▸ **Dataset section**
________________

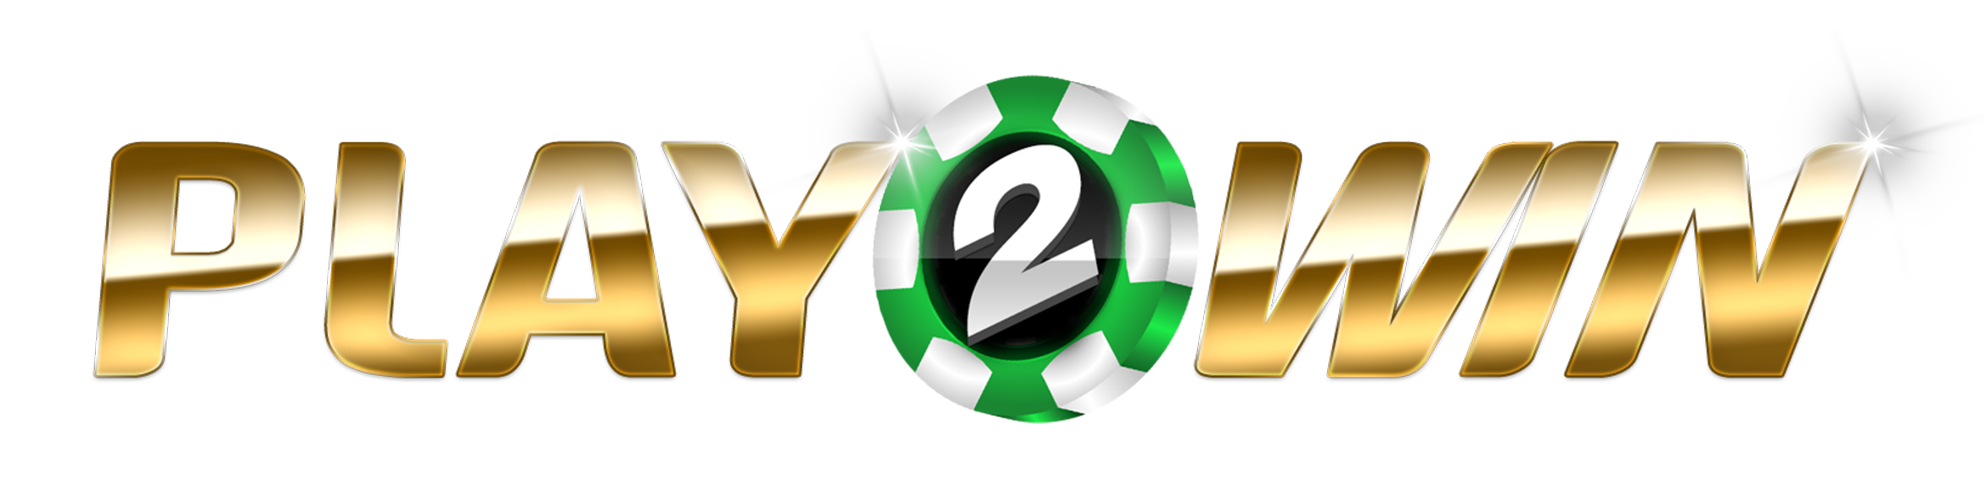 play2win-logo
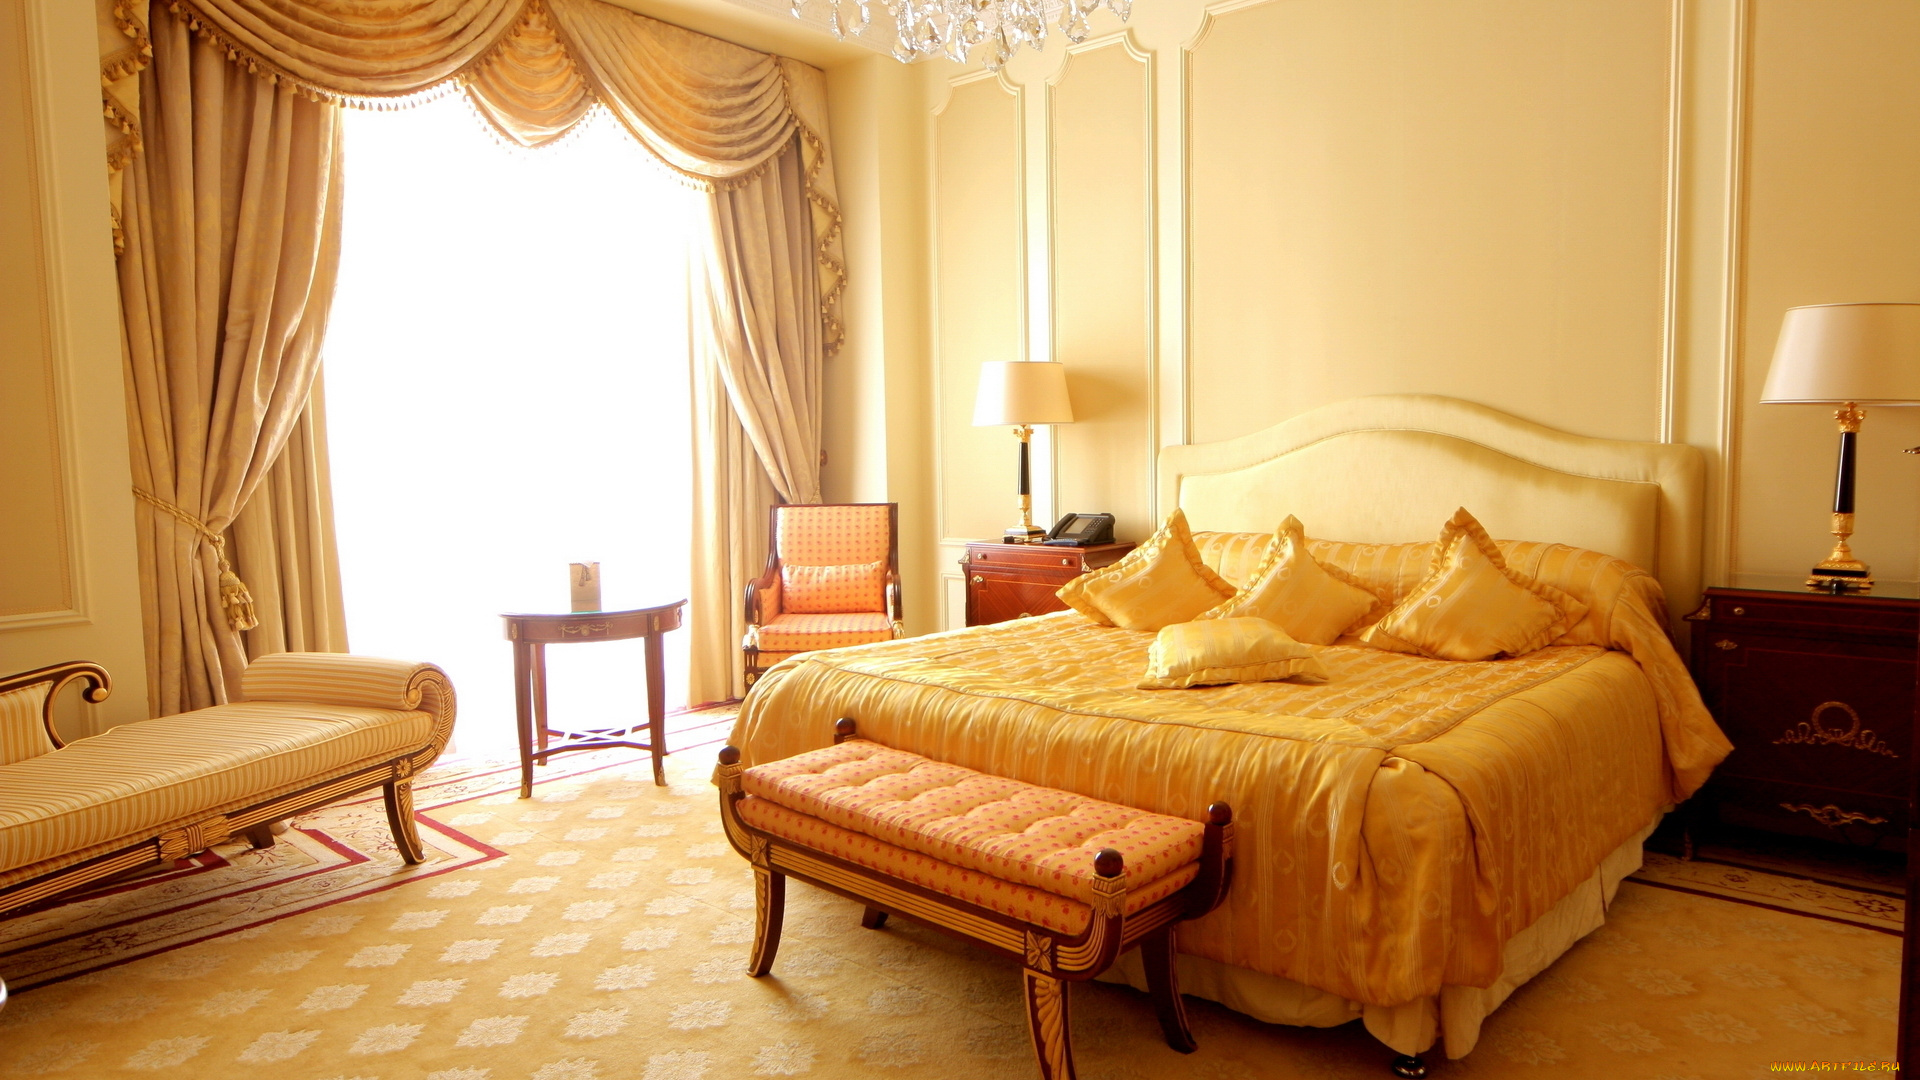 интерьер, спальня, стиль, дизайн, квартира, подушки, комната, кровать, кресло, диван, занавеска, лампа, желтое
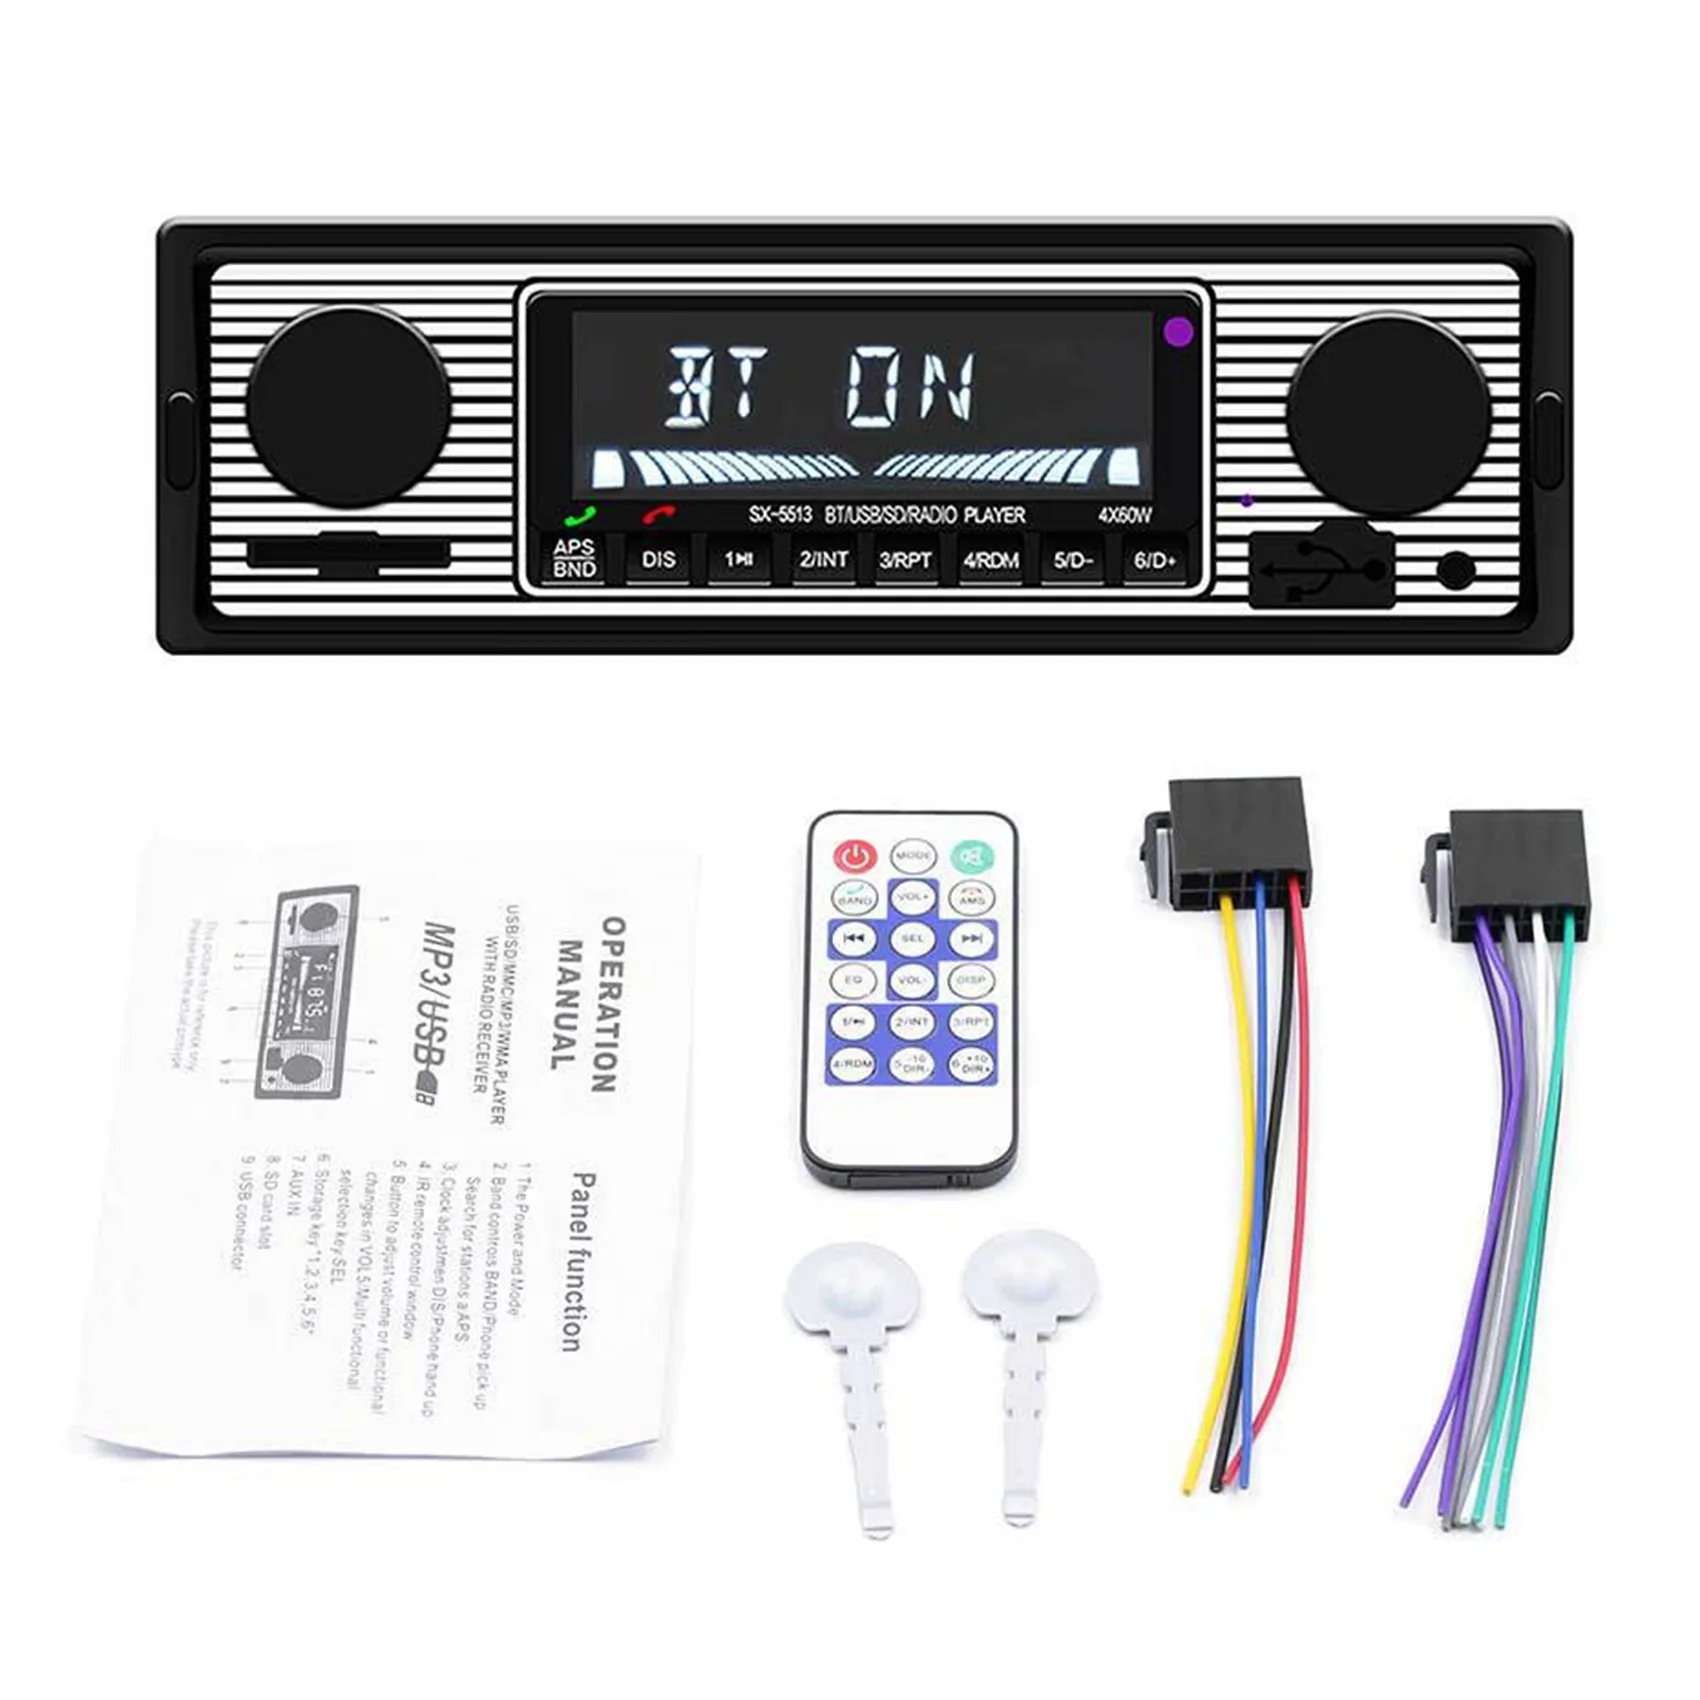 

Автомагнитола 1 DIN в стиле ретро, автомобильная аудиосистема Bluetooth с USB/SD/AUX картой, FM, mp3-плеером, ПК Тип:-5513

________________

▸ **Problem to solve**
Output, word for word, the full listing above, with no pictures.

▸ **Result of this task**
 play2win-logo
 интерьер, спальня, стиль, дизайн, квартира, подушки, комната, кровать, кресло, диван, занавеска, лампа, желтое

Автомагнитола 1 DIN в стиле ретро, автомобильная аудиосистема Bluetooth с USB/SD/AUX картой, FM, mp3-плеером, ПК Тип:-5513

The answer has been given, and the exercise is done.